Au fait selon le Larousse le gavage c’est :

– Alimenter de force

– Manger avec excès

– Bourrer, encombrer l’esprit

Alors après avoir traité brièvement la première définition voyons la seconde :

Ainsi ce qui précède pourrait s’appeler la standardisation alimentaire. Une technique qui entraîne la surproductivité et dont les choix et conséquences alimentaires découlent plus de l’oeil que du nez puisque tout ou presque est préemballé sous pellicule plastique voire sous vide, y compris certains légumes et champignons gorgés d’eau ou autres organismes vivants comme les moules ou les huîtres.

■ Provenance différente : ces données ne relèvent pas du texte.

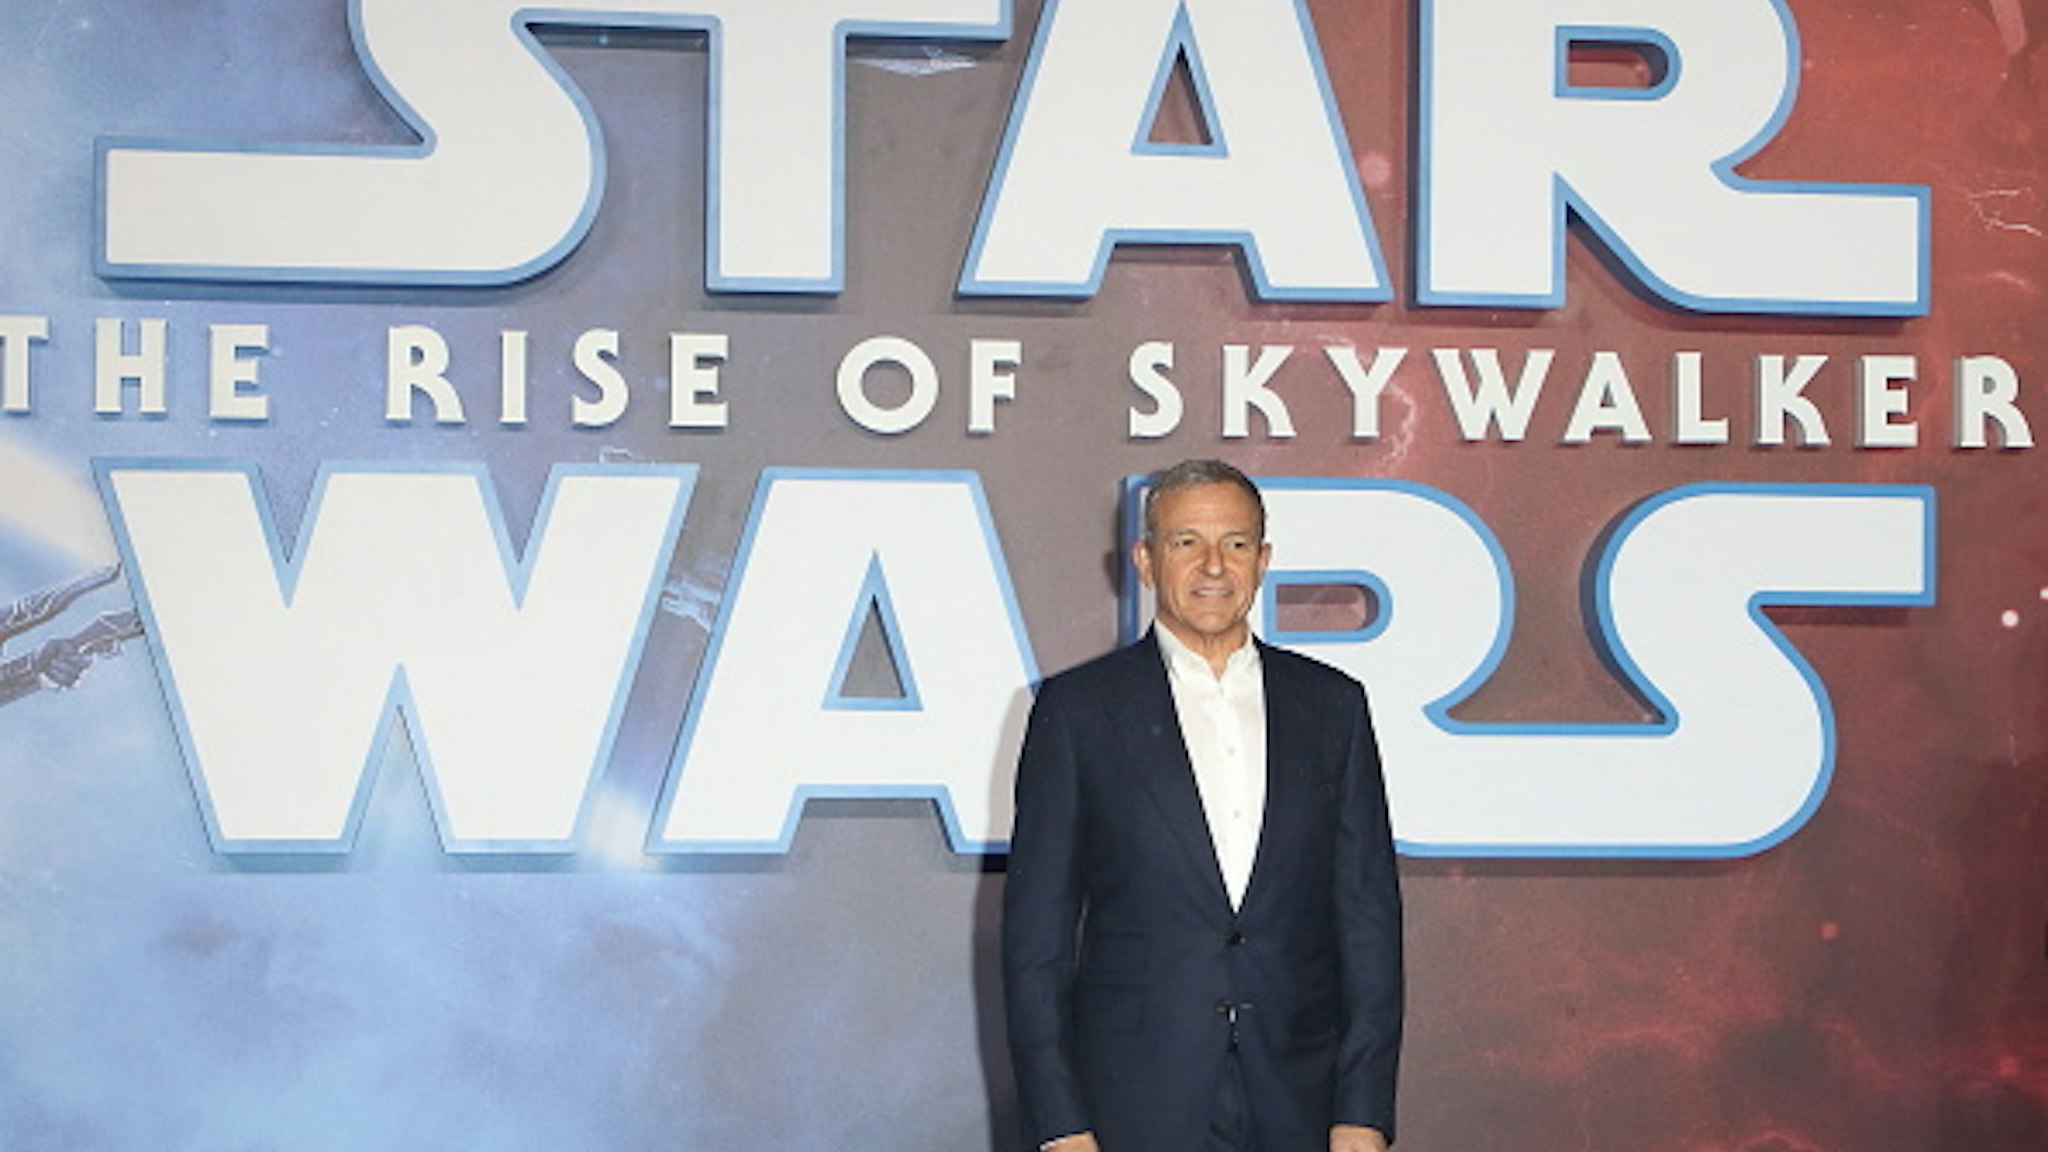 LONDON, UNITED KINGDOM - DECEMBER 18 2019: Bob Iger attends the "Star Wars: The Rise of Skywalker" European Premiere at Cineworld Leicester Square in London.- PHOTOGRAPH BY Keith Mayhew / Echoes Wire/ Barcroft Media
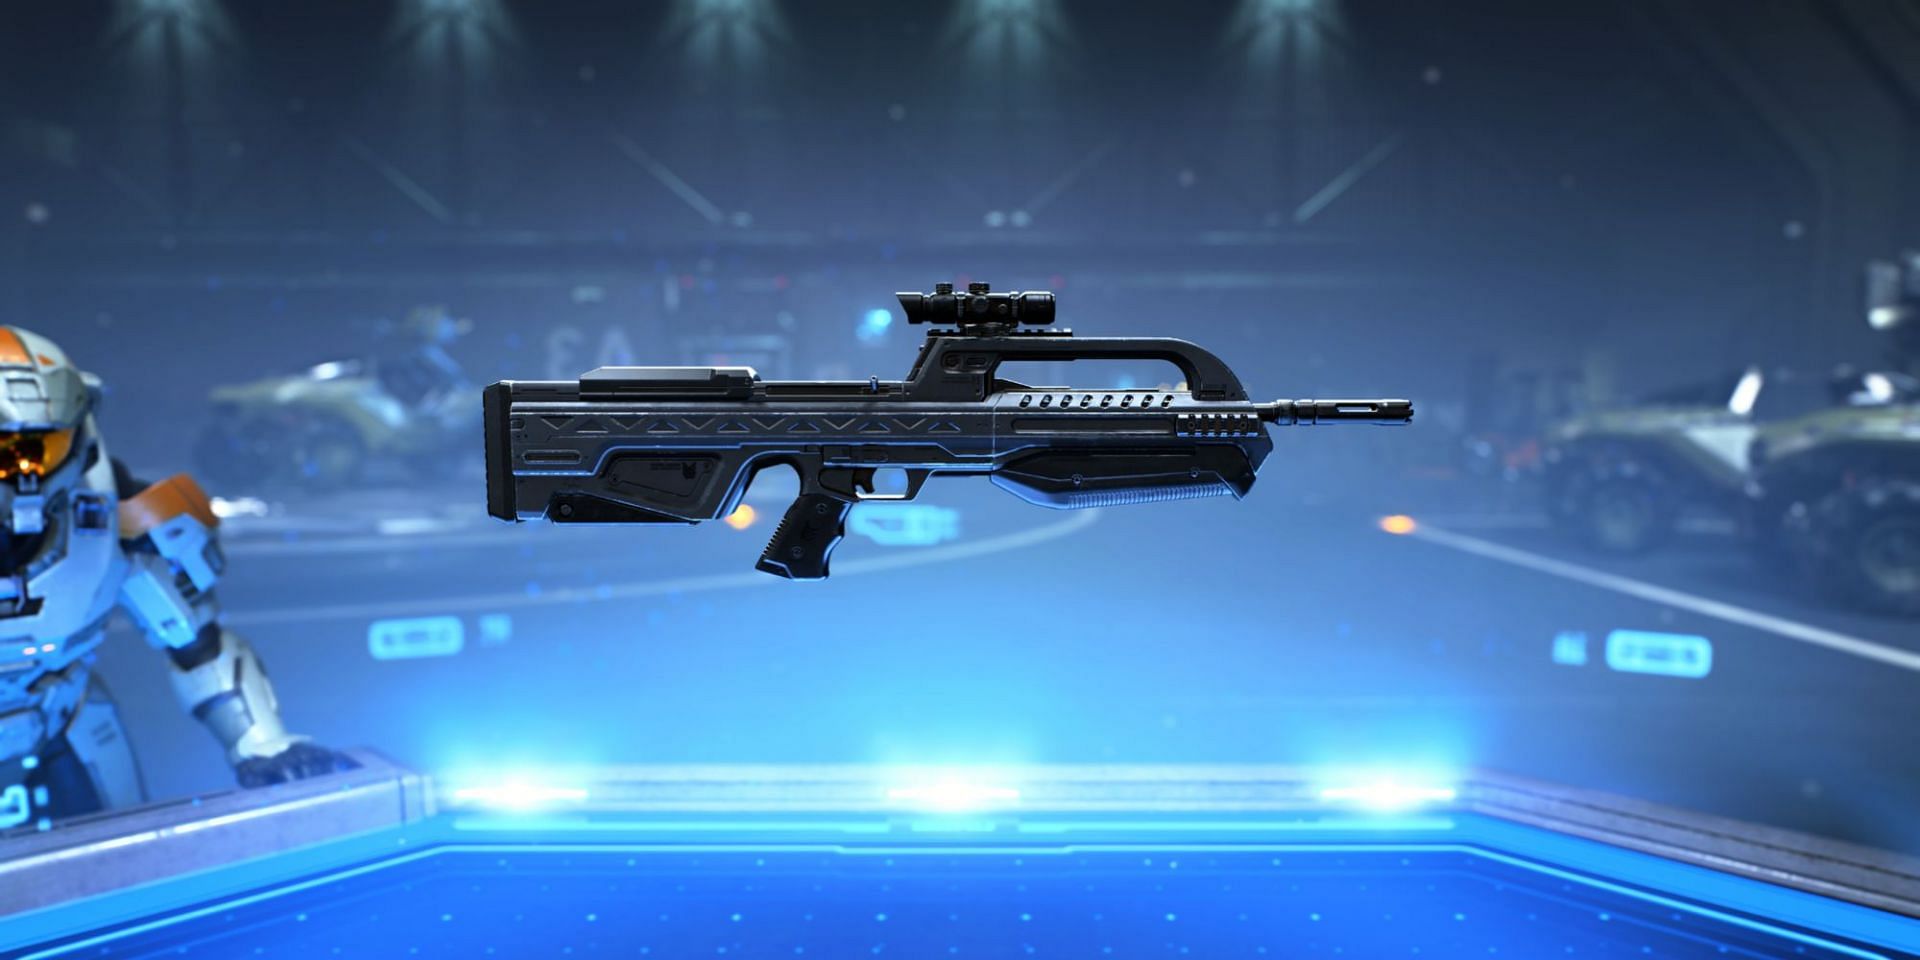 The BR75 Battle Rifle in Halo Infinite. (Image via 343 Industries)

Donc après avoir gavé ce qui représente plus de la moitié des aliments consommés dans les pays de l’hémisphère Nord, voyons un peu le reste dont l’être humain se gave avec excès :

– Les céréales sous toutes les formes : pain, flocons, pâtes, craquelins, farines, pois, cacahouètes, haricots (beans), etc. ;

– Les plats cuisinés, les pommes de terre, les légumes et fruits frais, secs ou en conserve.

– Tous les produits transformés : poissons, poulets, boeuf, porc, lait etc. ;

– Des produits laitiers reconstitués comme du beurre ou crème sans calcium ;

– Toutes les boissons alcooliques ;

– Tous les produits médicamenteux prescrits ou non ;

– Tous ce qui se fume, tous les « stimulants » légaux ou non ;

– Pour le reste. regardez dans vos sacs de commissions et les étiquettes au dos de vos achats pour en connaître l’origine et la composition…

Quant à aujourd’hui il est recommandé de consommer plusieurs fruits par jour, de même que des légumes verts de préférence. Ce qui est parfait et qui fait partie de mes habitudes. Mais prend on le temps, selon la saison, de se poser la question de la provenance et de quoi les uns et les autres sont engraissés et protégés contre toutes les agressions qu’elles soient vivantes, génétiques, physiques chimiques etc. Oui la nature est généreuse, mais seulement la nature. Alors nous, villageois quelle chance avons-nous d’être près de cultures possiblement naturelles et mieux encore, disposons et valorisons avec précautions notre petit lopin de terre dont nous sommes, après quelques efforts, heureux de profiter durant la belle saison et sans aucune retenue.

Alors après l’estomac, sinon le goût ou le pèse personne, qu’en est-il de notre esprit et de quoi est-il gavé ?

– Le jeu individuel ou collectif ;

– La réalité et la fiction confondues dans les médias télévisuels ou parlés ;

– Fausses vérités, vrais mensonges ou mensonges par omission ;

– Invasion massive de publicités agressives ou subliminales ;

– Incitations à la consommation de l’inutile ;

– Invitation à l’impuissance par les dettes faciles ;

– Invitation à l’inculture donc à la fragilité par l’absence ou l’excès d’informations ;

– La liste risque d’être trop longue alors pour le reste regardez autour de vous.

Moralité :

La différence entre l’animal gavé et le gaveur gavé est que le second paye très cher pour subir la « torture » alors que le premier la subit sinon sans douleur du moins en silence.